WHAT NEEDS TO BE DONE: All of the data should be given again word for word, though the images are to be left out.
--- COLLECTED DATA ---
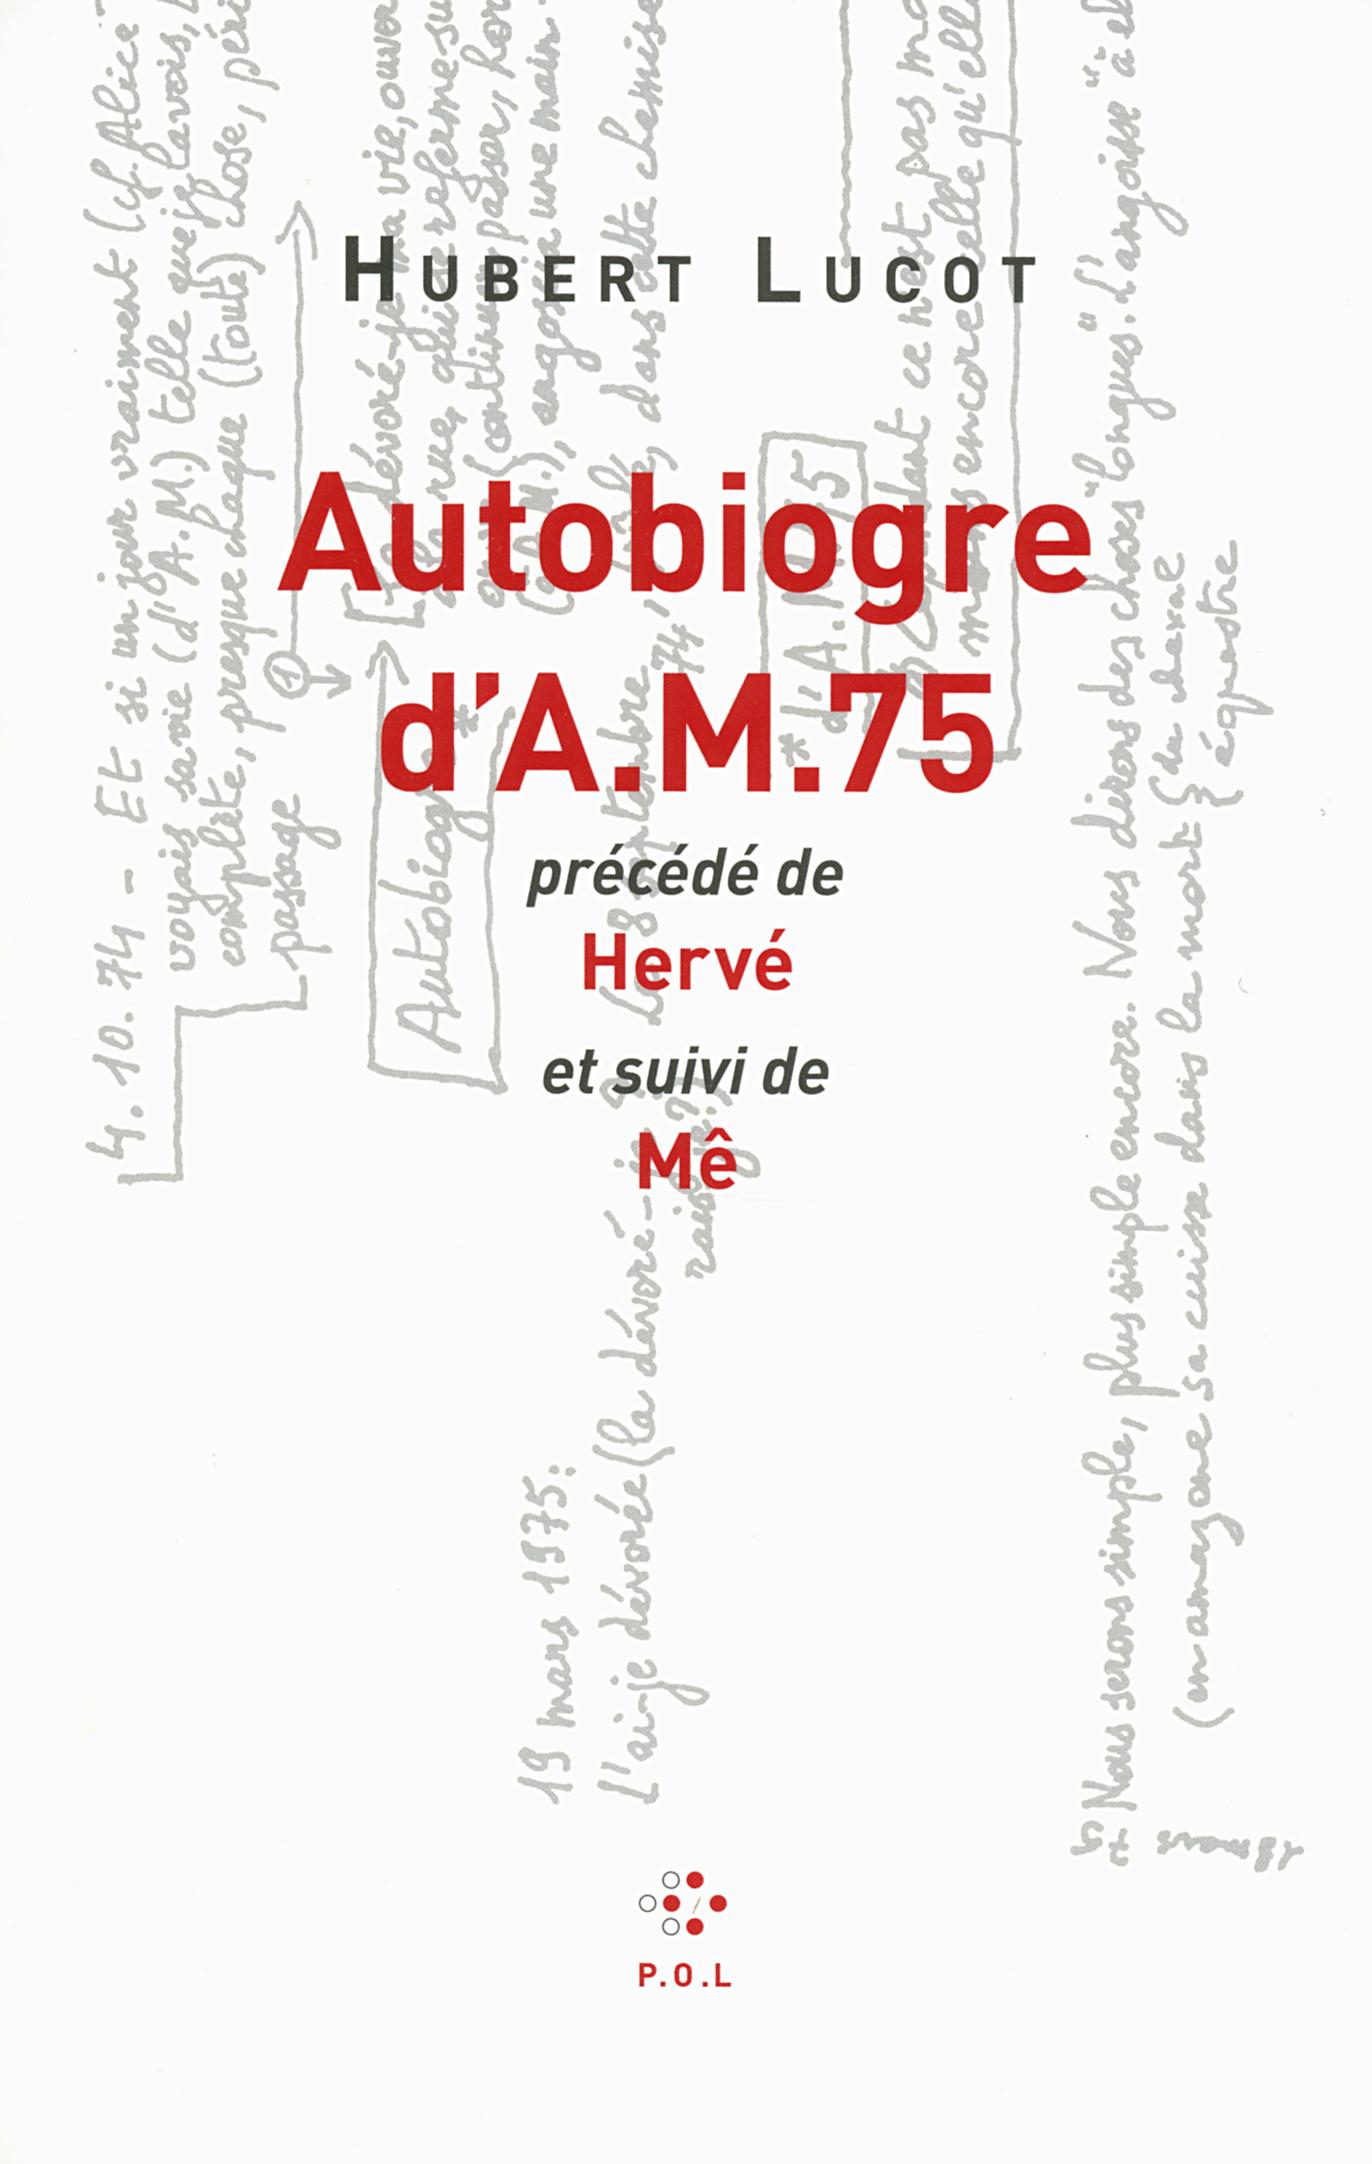 AUTOBIOGRE D'AM 75/HERVE/ME
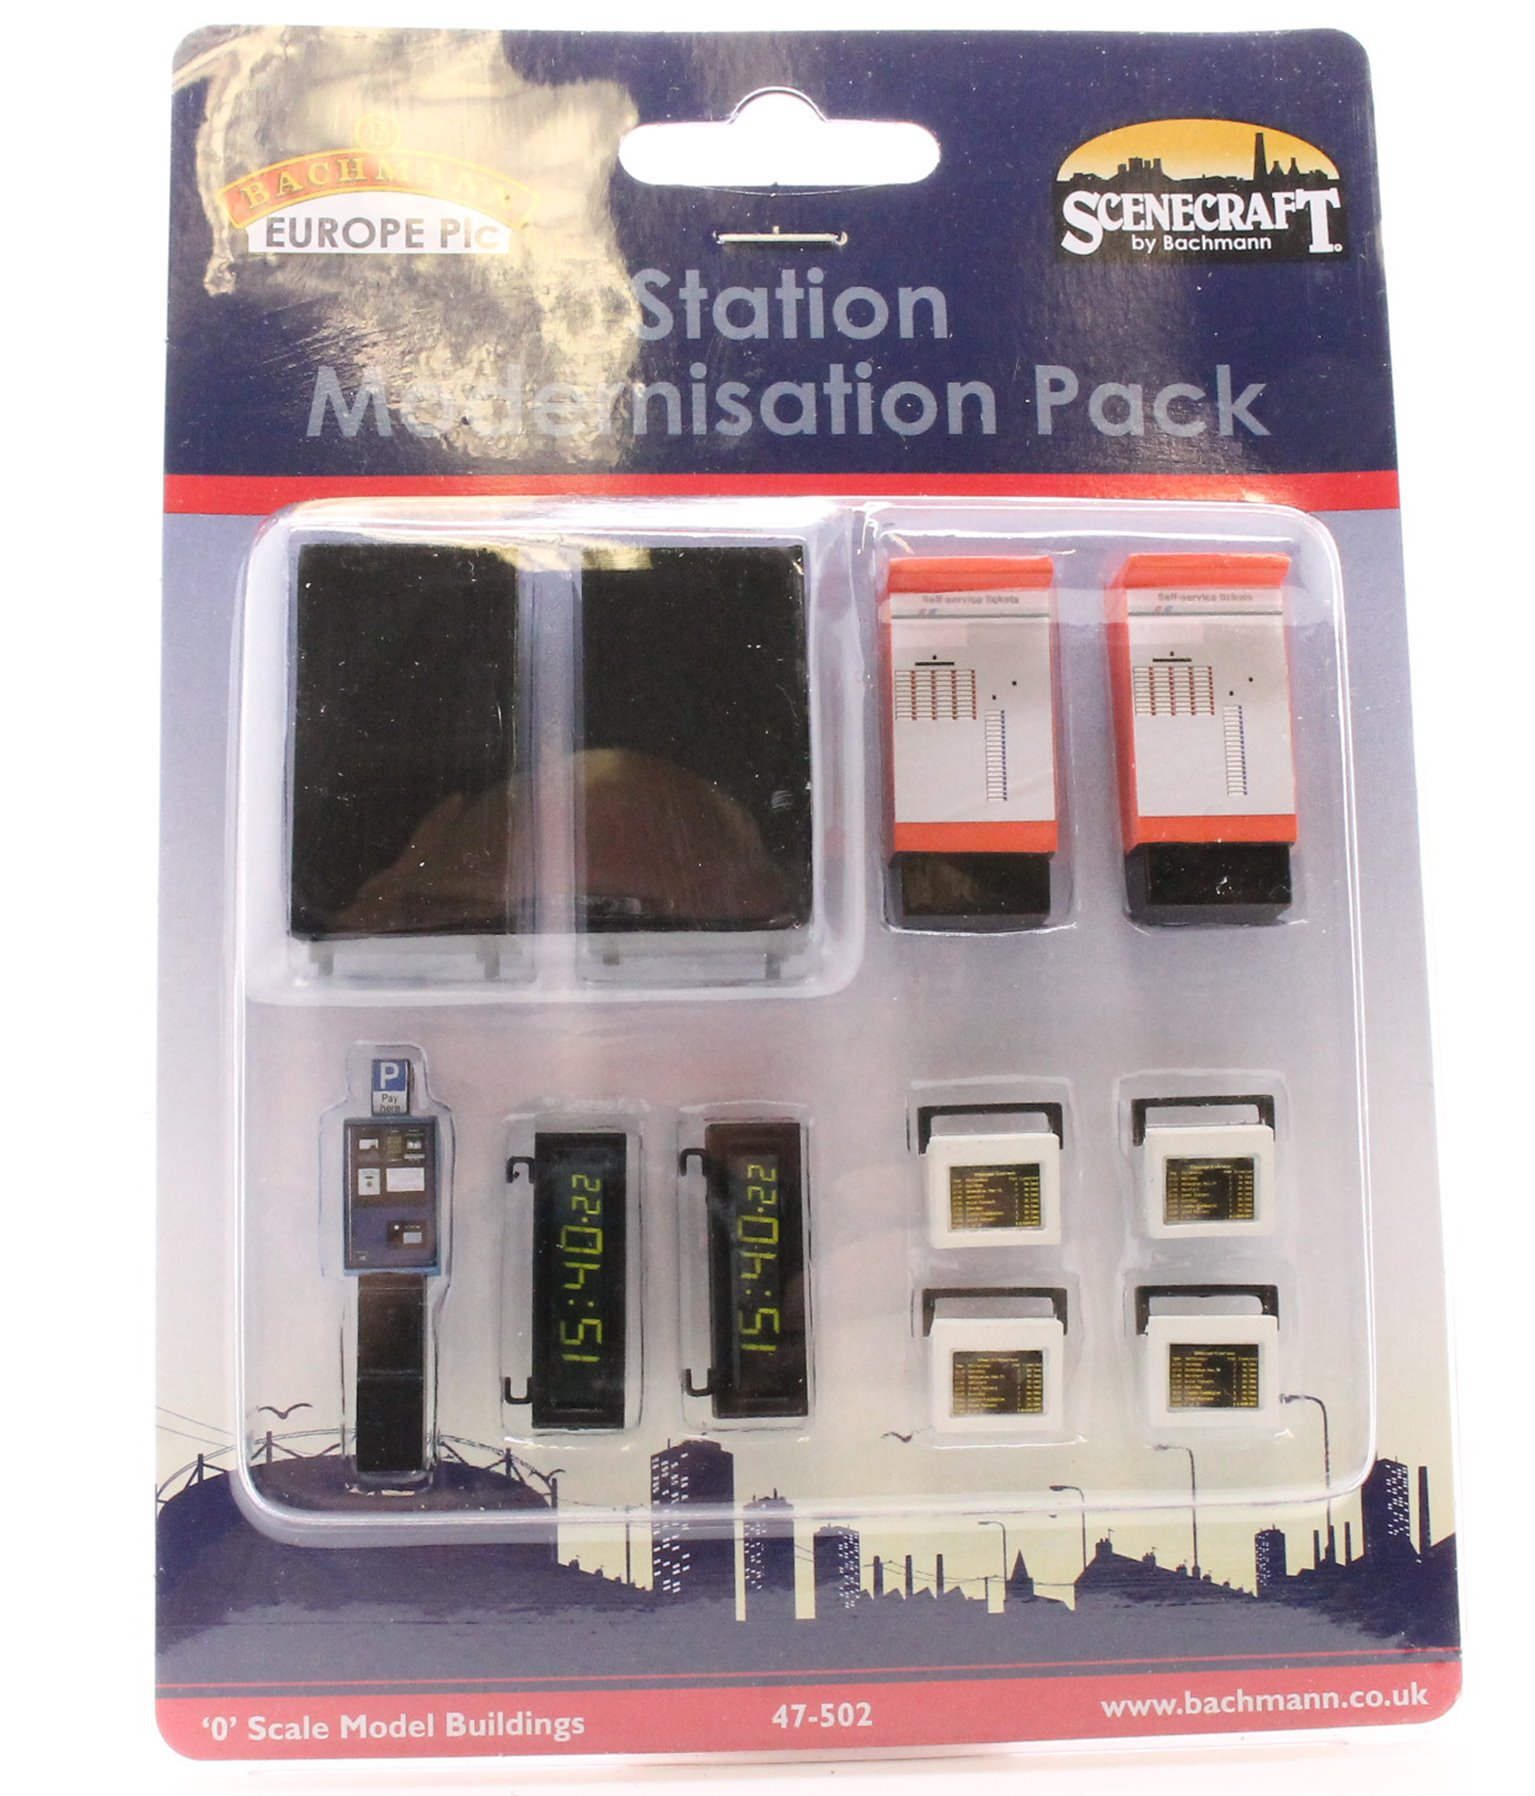 Station Modernisation Pack
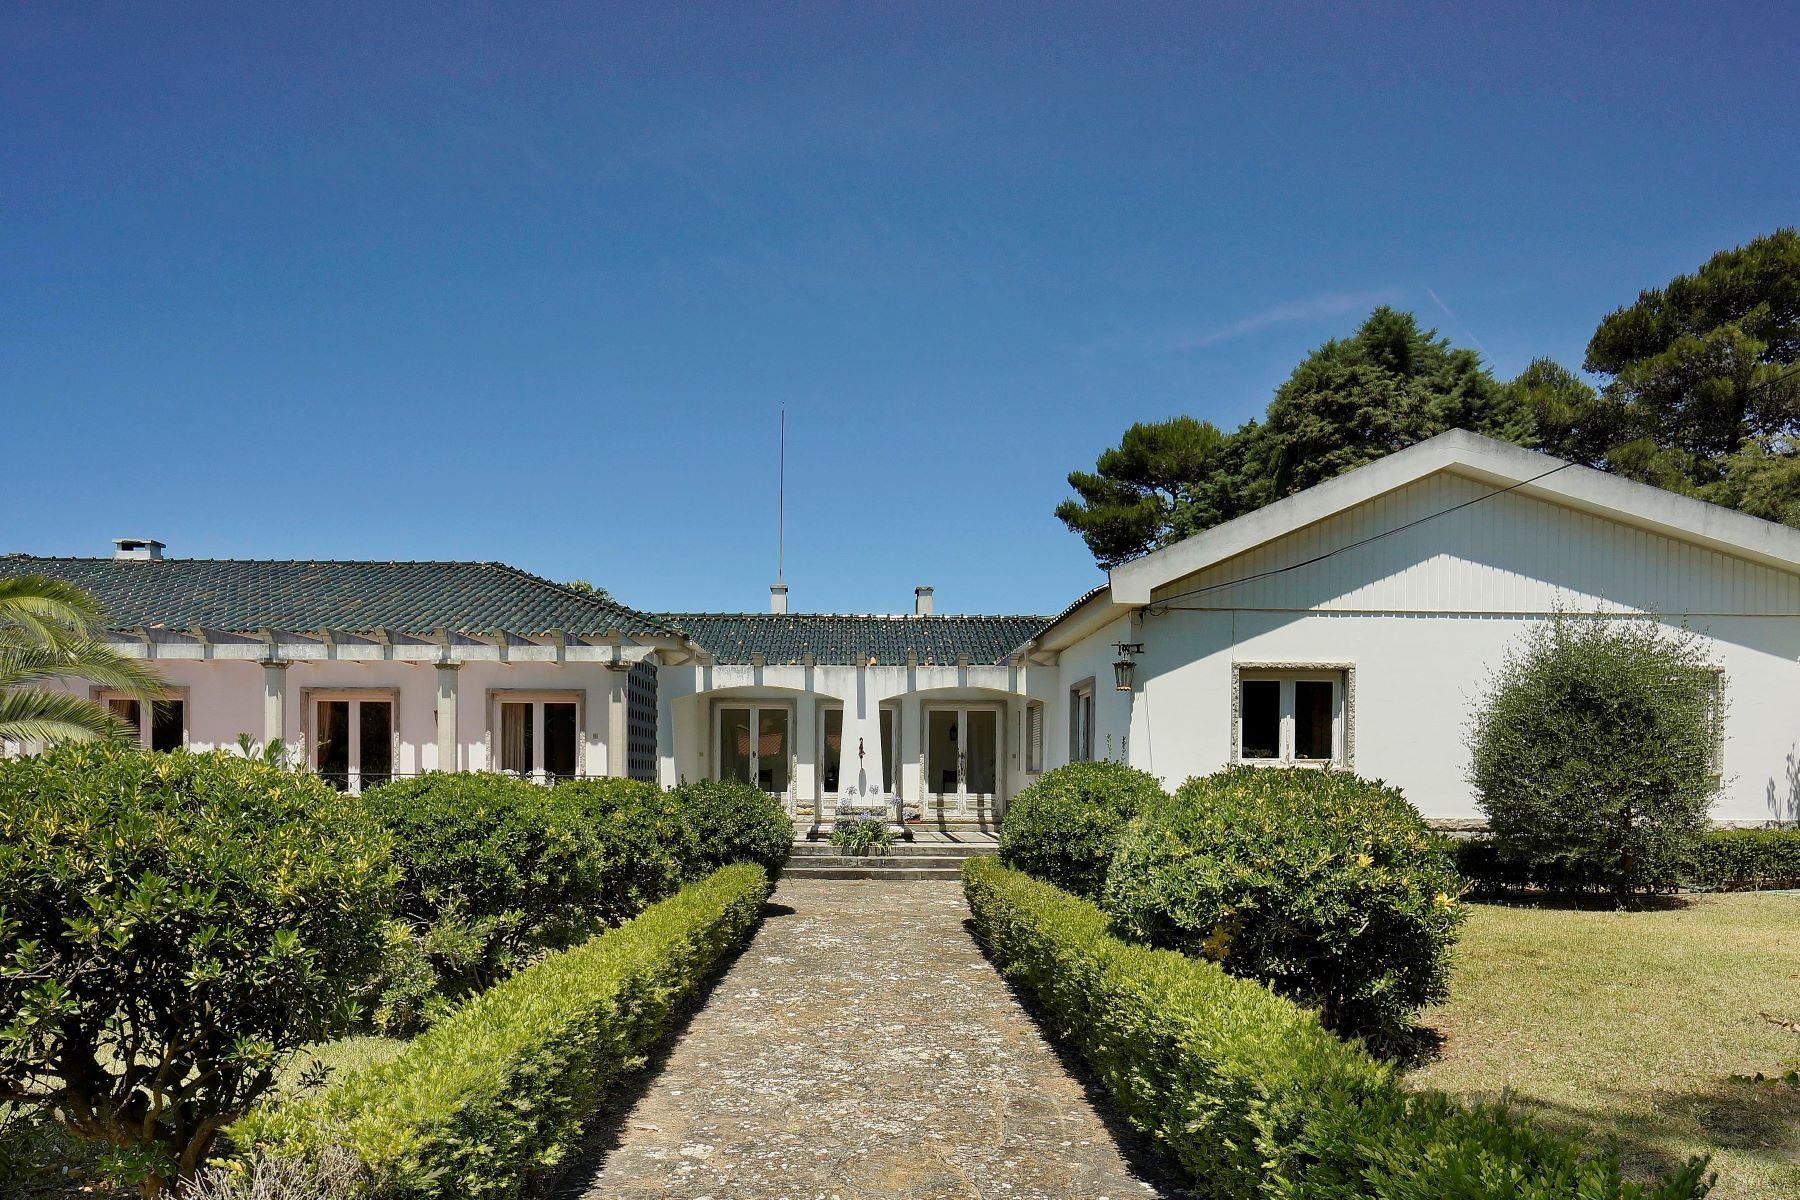 一戸建て のために 売買 アット Detached house to restore, 8 bedrooms, for Sale Cascais, リスボン, ポルトガル
---
ANSWER TO THIS TASK:
 AUTOBIOGRE D'AM 75/HERVE/ME
 Station Modernisation Pack
 一戸建て のために 売買 アット Detached house to restore, 8 bedrooms, for Sale Cascais, リスボン, ポルトガル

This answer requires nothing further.